### DATASET EXTRACT
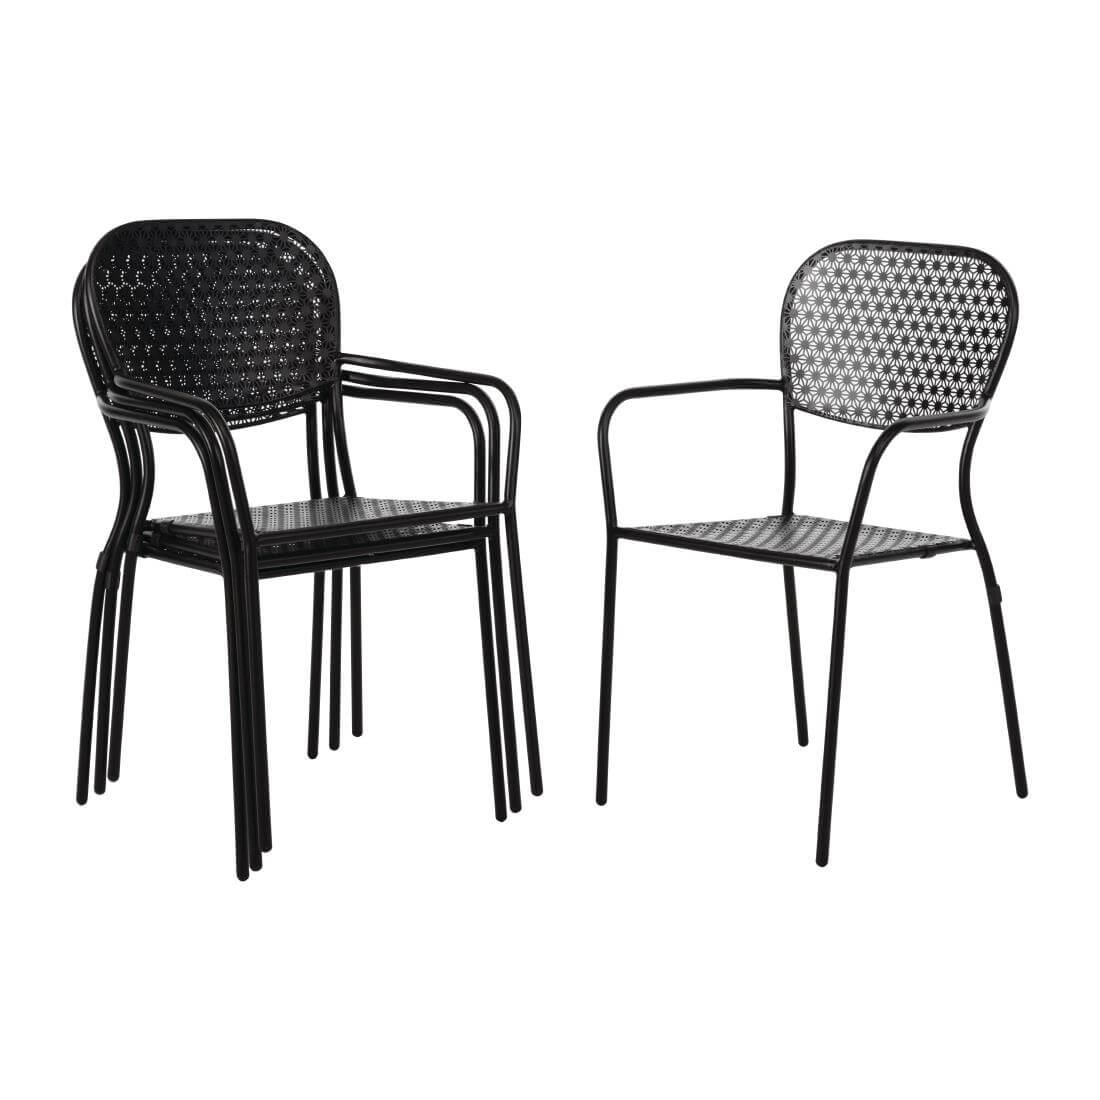 Steel Patterned Chair - Black or Grey
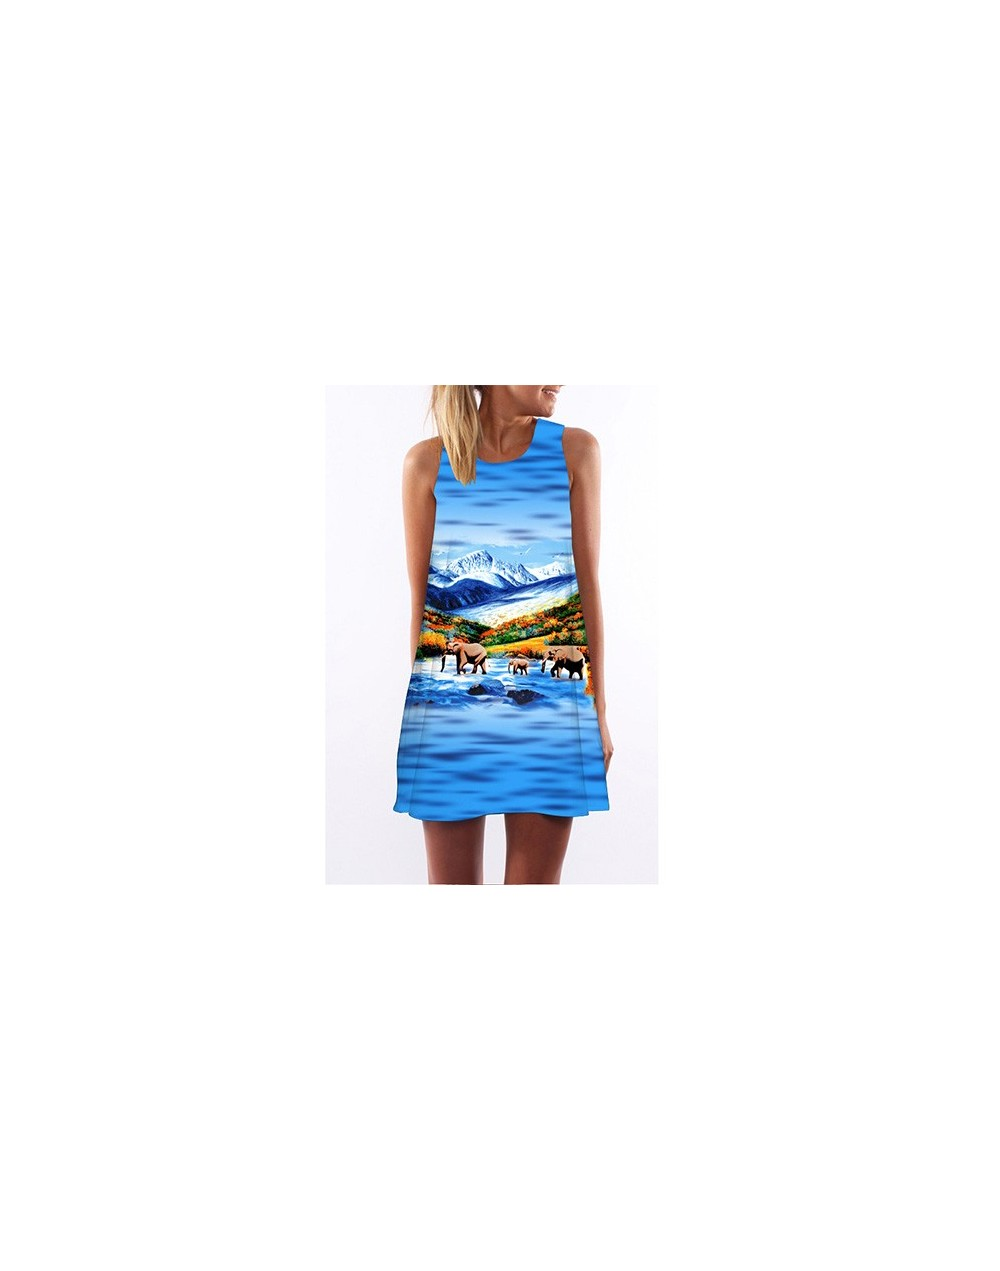 Vestidos 2018 New Fashion Dress Women Sleeveless Floral Print Dress Summer Style Casual Chiffon Dress Mini Shift Dress - pic...
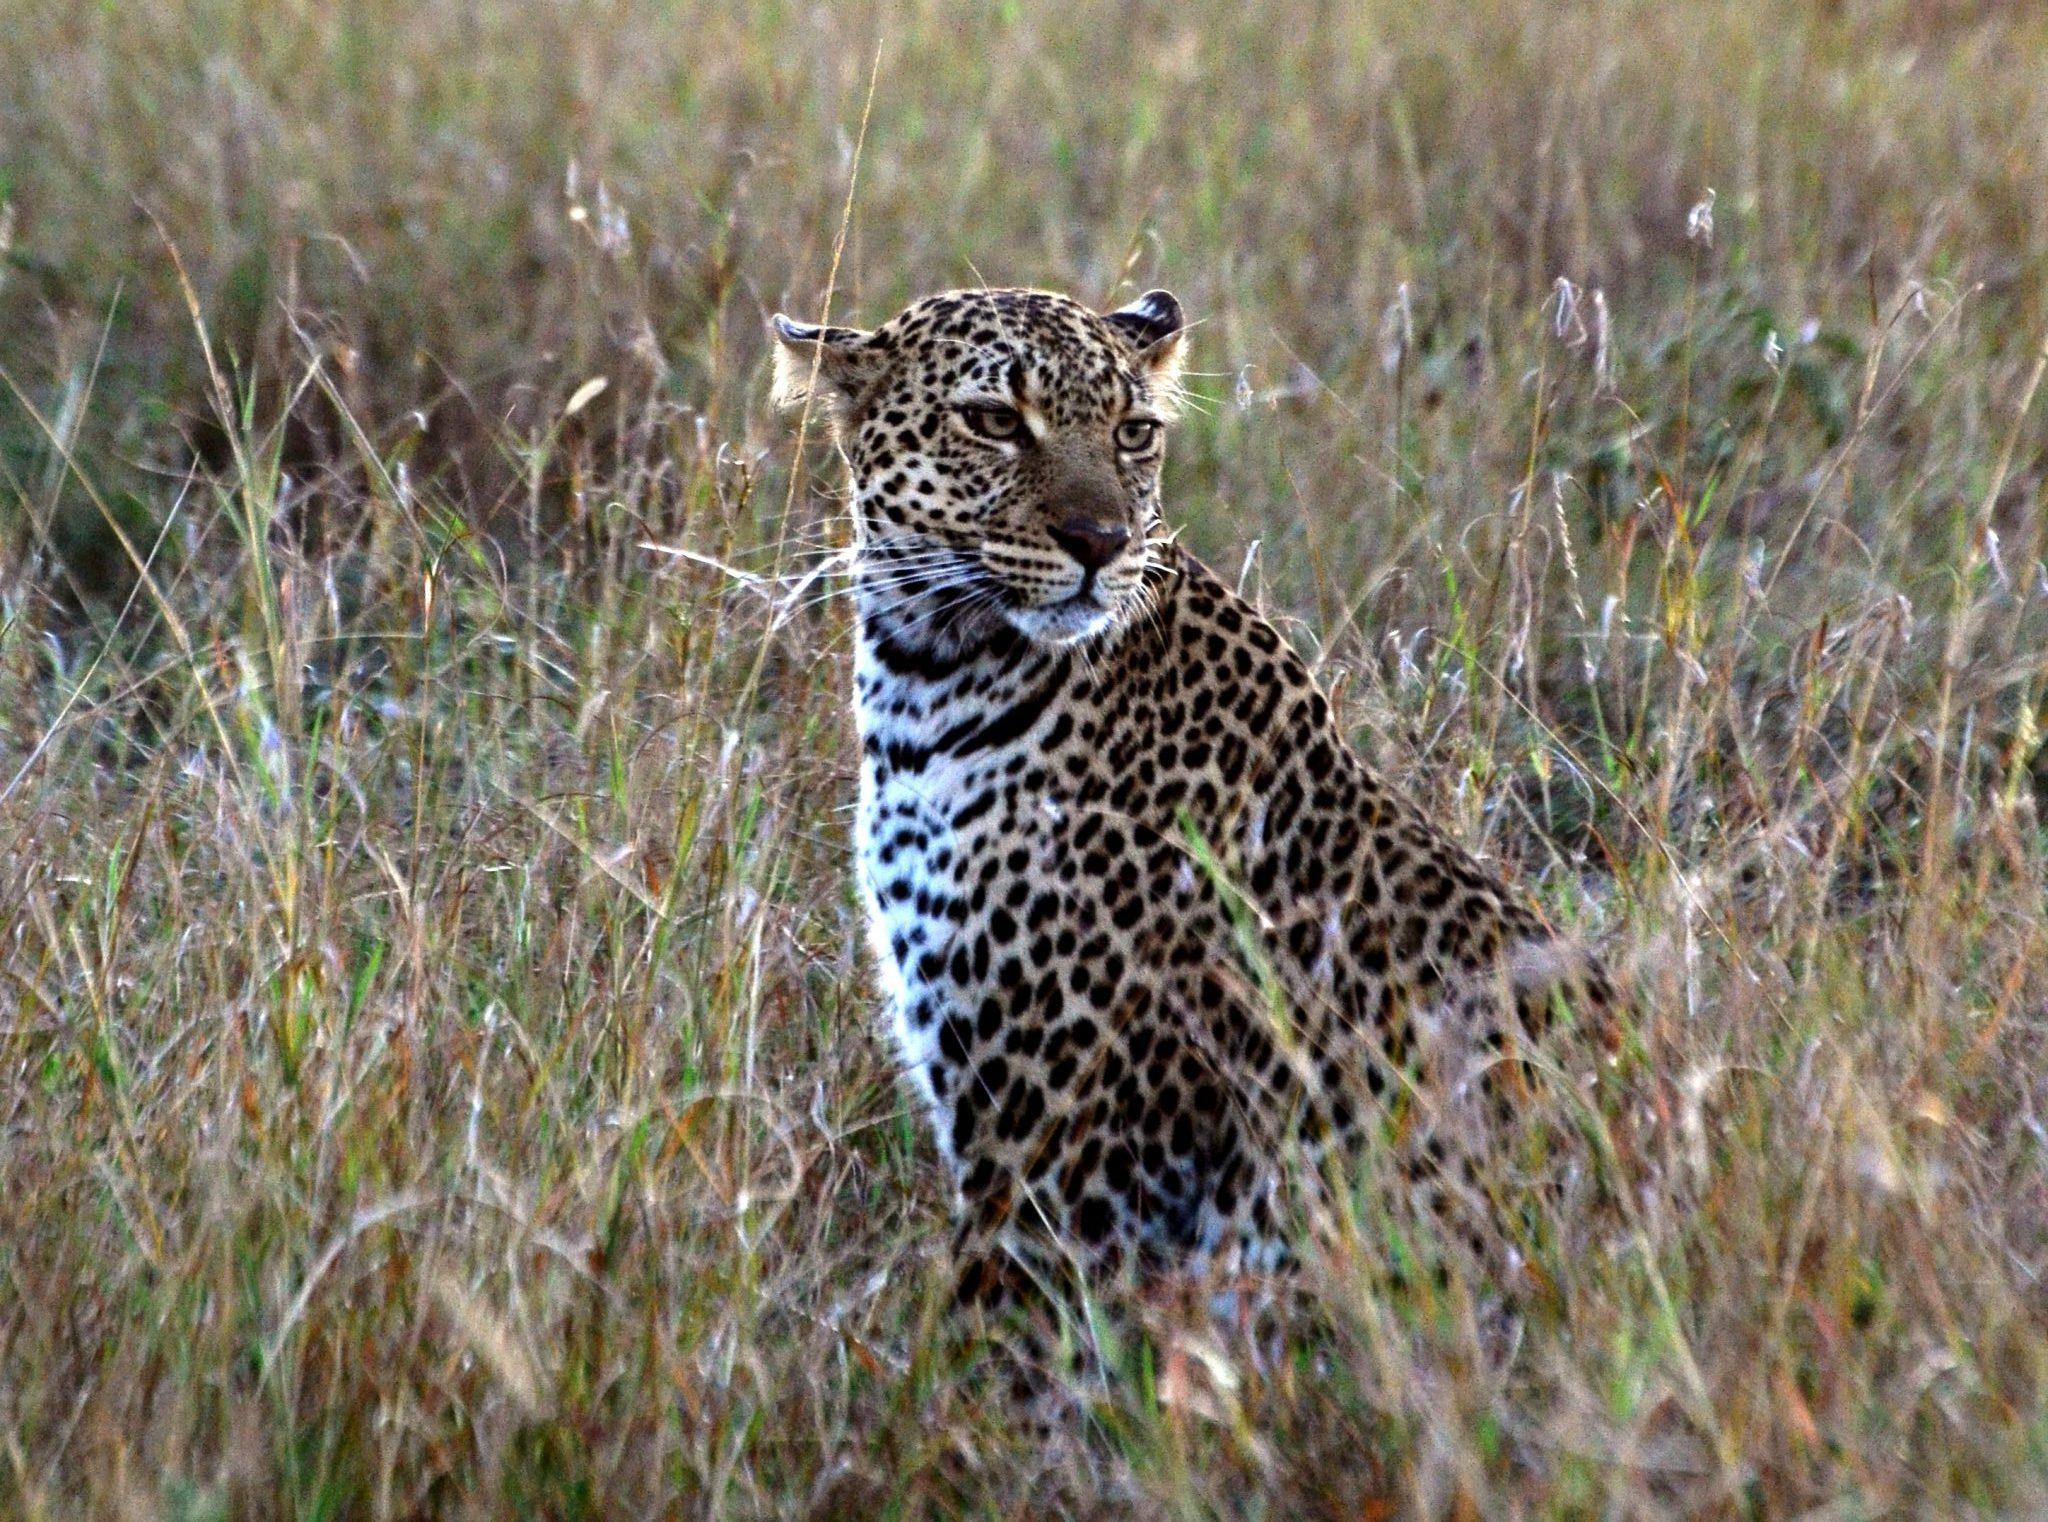 Leopard in der Masai Mara in Kenia - auf Kenia Safari

### EXERCISE
Drop every picture from the data, then output all the rest exactly.

### TASK RESULT
 Steel Patterned Chair - Black or Grey
 Vestidos 2018 New Fashion Dress Women Sleeveless Floral Print Dress Summer Style Casual Chiffon Dress Mini Shift Dress - pic...
 Leopard in der Masai Mara in Kenia - auf Kenia Safari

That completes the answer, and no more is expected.